The Bitcoin protocol produces infinitely many honest blocks with probability one if the fully-delayed honest mining rate exceeds the adversary mining rate.

A machine-rendered reading of the paper's core claim, the machinery that carries it, and where it could break.

The paper proves that the Bitcoin protocol will generate infinitely many honest blocks with probability one as long as the honest mining rate after fully accounting for bounded network delays exceeds the adversary mining rate. It generalizes the model to blocks with different scores and corrects an error in previous random walk arguments by using a punctured block arrival process. A reader would care because this shows an adversary cannot censor transactions in perpetuity, rendering the protocol useless. The proof is rigorous under the assumption of uniform bounded delay.

Core claim

In the computational model where an adversary can delay block transmissions by at most time Δ, the generalized Bitcoin protocol with blocks of different scores produces infinitely many honest blocks with probability one whenever the fully-delayed honest mining rate exceeds the adversary mining rate. This is proven using the punctured block arrival process to avoid the flaws of random walk theory.

What carries the argument

The punctured block arrival process, which modifies the standard arrival process to enable a correct proof of the infinite honest blocks property.

If this is right

  • An adversary cannot censor a user's transactions indefinitely.
  • The security result applies to the generalized protocol with variable block scores.
  • Only a uniform bound on network delay is needed, without assumptions on specific network structures.
  • The random walk approach used in prior work is shown to be incorrect via counterexample.

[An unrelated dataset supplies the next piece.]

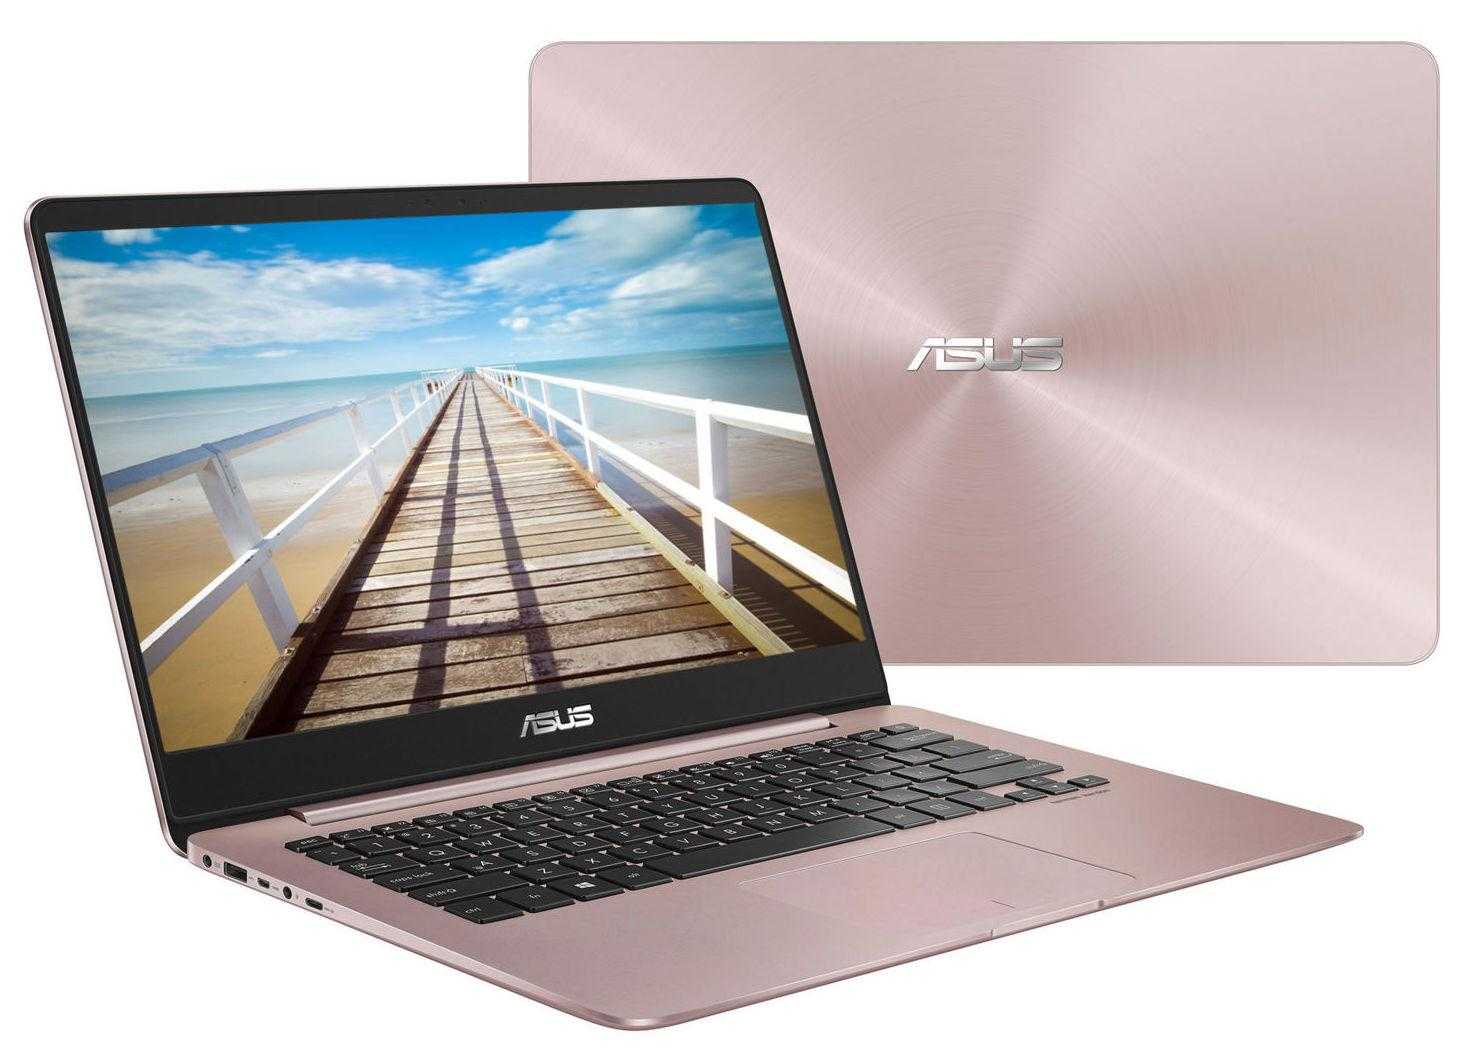 Ноутбук Asus ZenBook UX430UN Rose Gold (UX430UN-GV046T) - подробные характеристики обзоры видео фото Цены в интернет-магазинах где можно купить ноутбук Asus ZenBook UX430UN Rose Gold (UX430UN-GV046T)

Where Pith is reading between the lines

These are editorial extensions of the paper, not claims the author makes directly.

  • If real-world delay measurements confirm the rate condition, the protocol will produce honest blocks infinitely often in practice.
  • The puncturing technique could be adapted to prove security for other delayed consensus protocols.
  • Extending to stochastic delays might still preserve the result if the expected delay satisfies the inequality.

Load-bearing premise

The model assumes a uniform bounded delay Delta for all block transmissions and that the mining rates satisfy the required inequality after accounting for the maximum delays.

What would settle it

A scenario or simulation where the fully-delayed honest mining rate exceeds the adversary rate but only finitely many honest blocks appear would falsify the central claim.

Figures

Figures reproduced from arXiv: 2601.09082 by Chen Feng, Christopher Blake, Qianyu Yu, Xuechao Wang.

Figure 1
Figure 1. Figure 1: Diagram representing the past and future honest and adversary growth intervals used in the definitions of [PITH_FULL_IMAGE:figures/full_fig_p005_1.png] view at source ↗
Figure 2
Figure 2. Figure 2: Figure representing the punctured arrival process. [PITH_FULL_IMAGE:figures/full_fig_p009_2.png] view at source ↗
read the original abstract

A proof of the security of the Bitcoin protocol is made rigorous, and simplified in certain parts. A computational model in which an adversary can delay transmission of blocks by time $\Delta$ is considered. The protocol is generalized to allow blocks of different scores and a proof within this more general model is presented. An approach used in a previous paper that used random walk theory is shown through a counterexample to be incorrect; an approach involving a punctured block arrival process is shown to remedy this error. Thus, it is proven that with probability one, the Bitcoin protocol will have infinitely many honest blocks so long as the fully-delayed honest mining rate exceeds the adversary mining rate. This means that an adversary cannot censor future transactions of a user in perpetuity, which would render the protocol useless.

Editorial analysis

A structured set of objections, weighed in public.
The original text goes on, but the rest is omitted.